-- Recorded information --

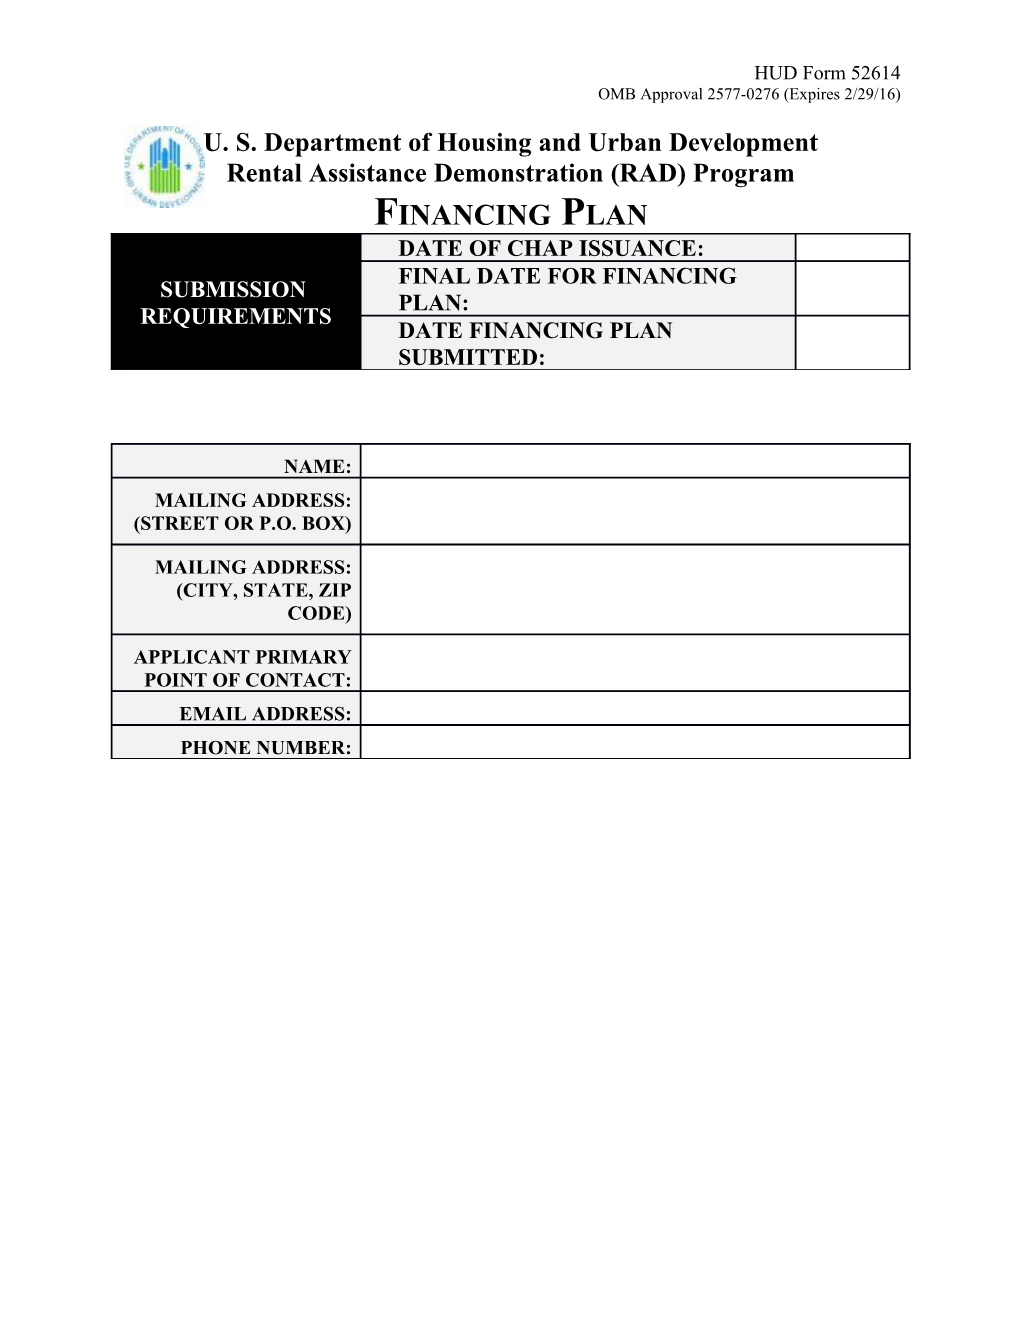 Rental Assistance Demonstration (RAD) Program Financing Plan
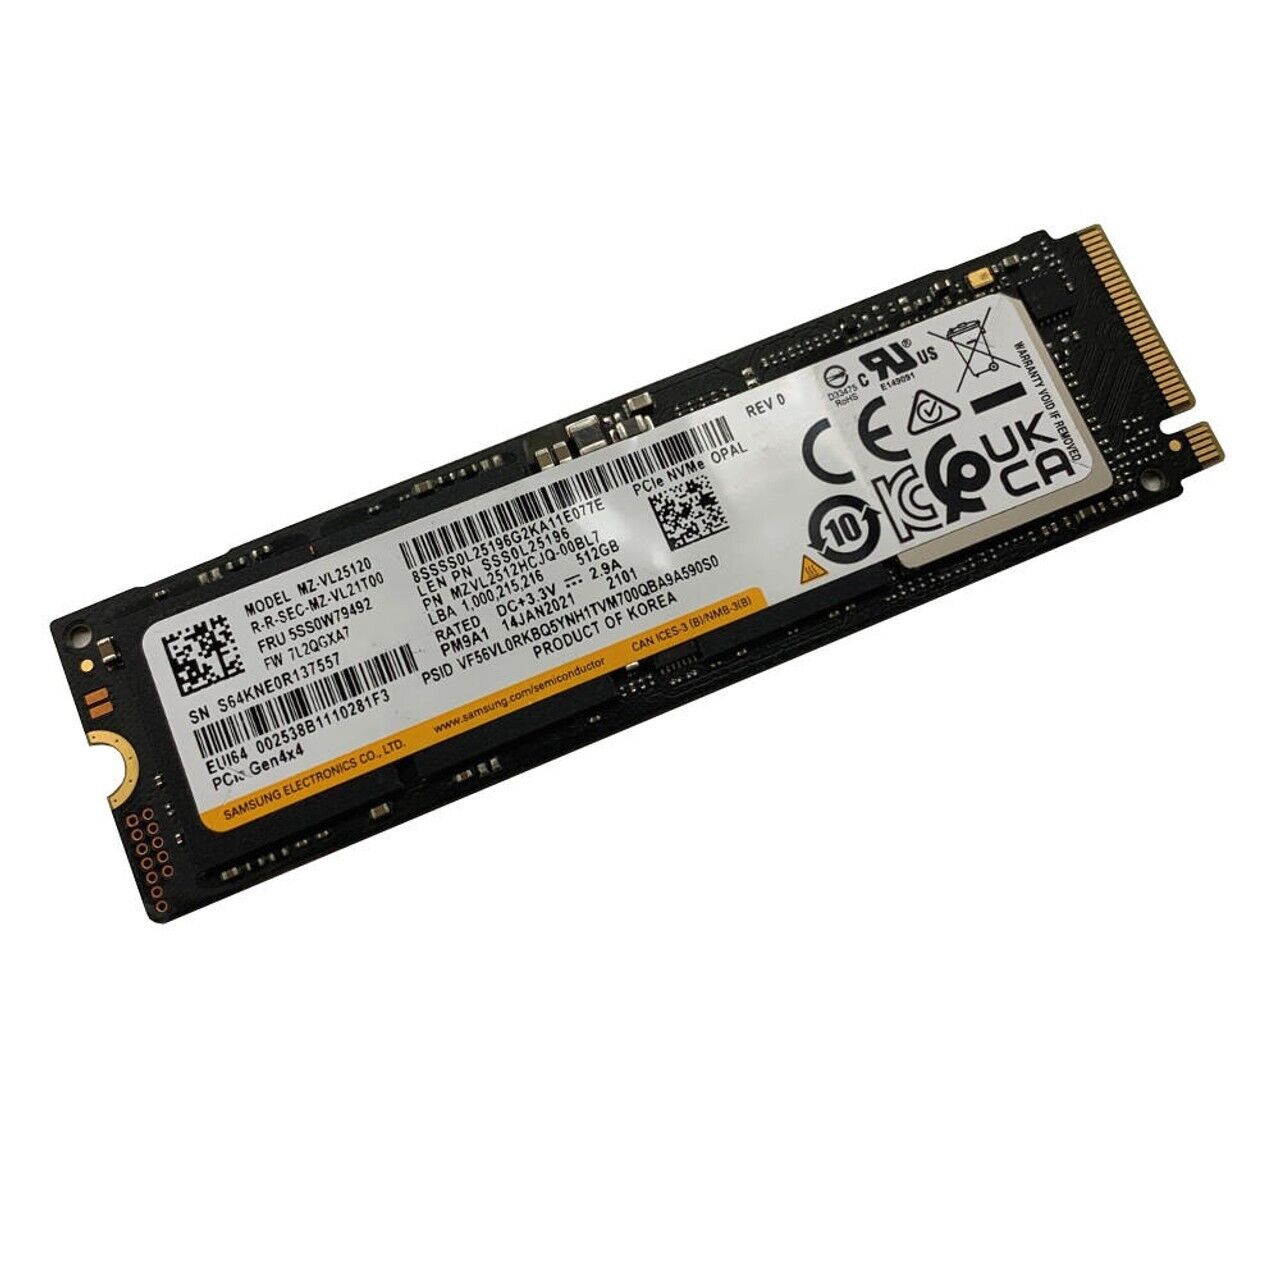 New Samsung PM9A1a 512GB PCIe 4.0 SSD (MZVL2512HCJQ-00BD2) OEM
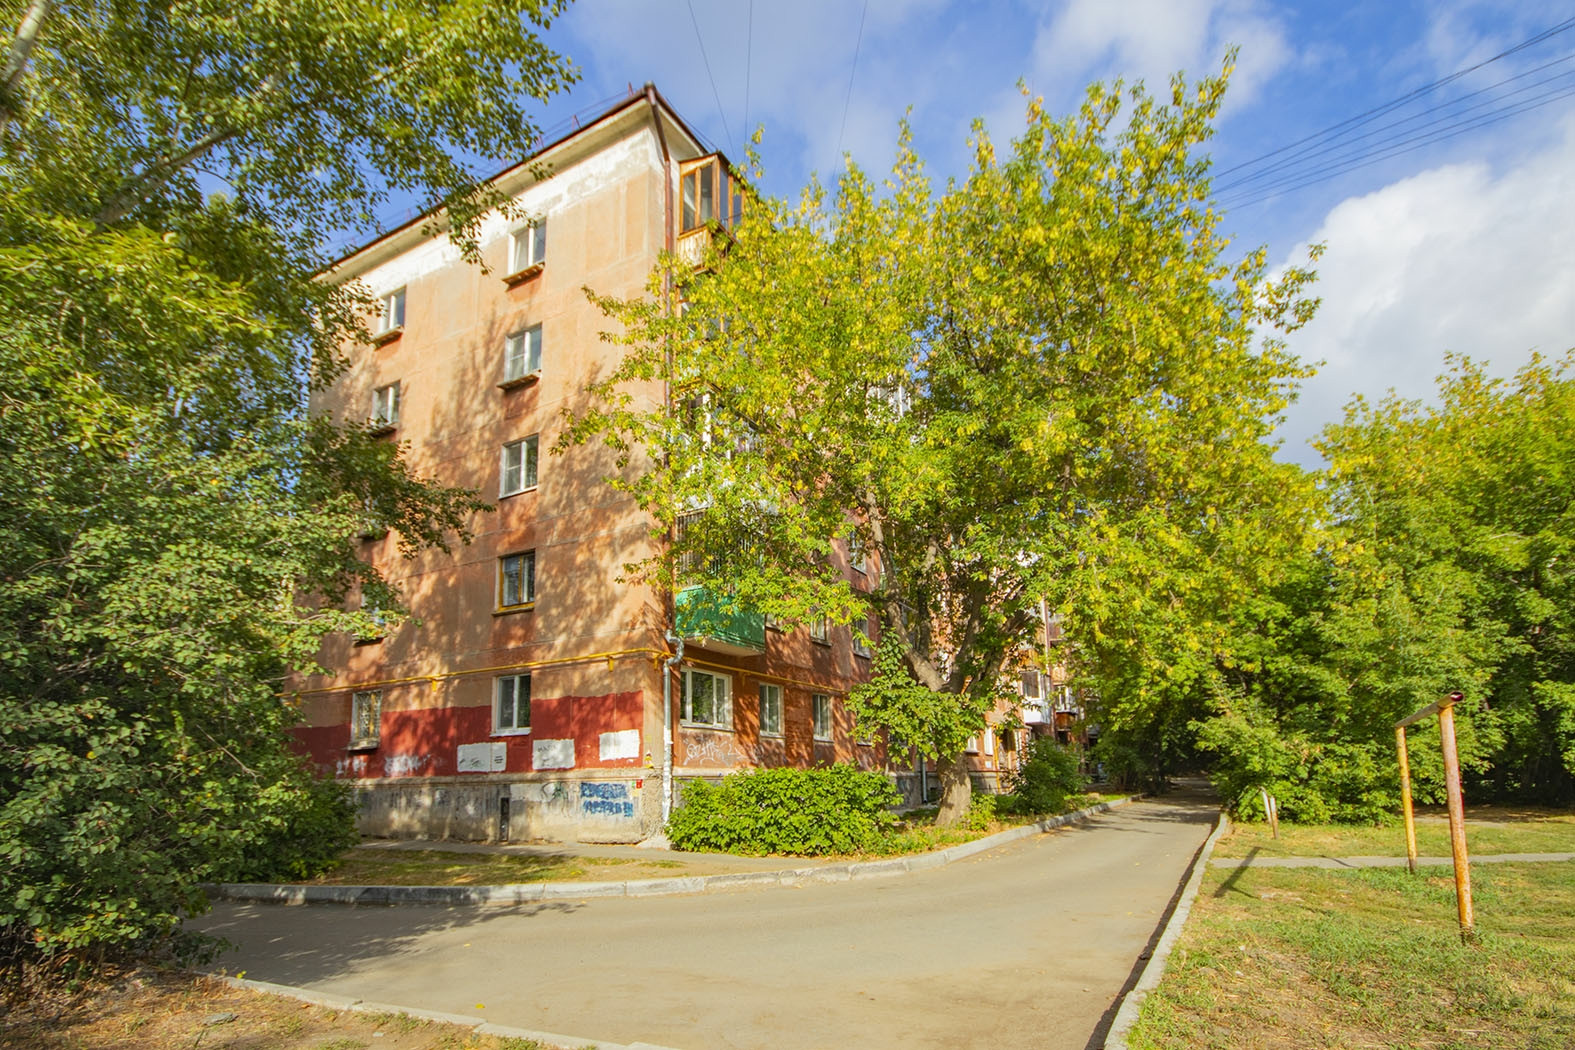 Продажа домов в красноуфимске свердловской области на авито с фото

-- What the task asks --
Would you copy out all the data exactly, without the images?

-- Answer section --
 Rental Assistance Demonstration (RAD) Program Financing Plan
 New Samsung PM9A1a 512GB PCIe 4.0 SSD (MZVL2512HCJQ-00BD2) OEM
 Продажа домов в красноуфимске свердловской области на авито с фото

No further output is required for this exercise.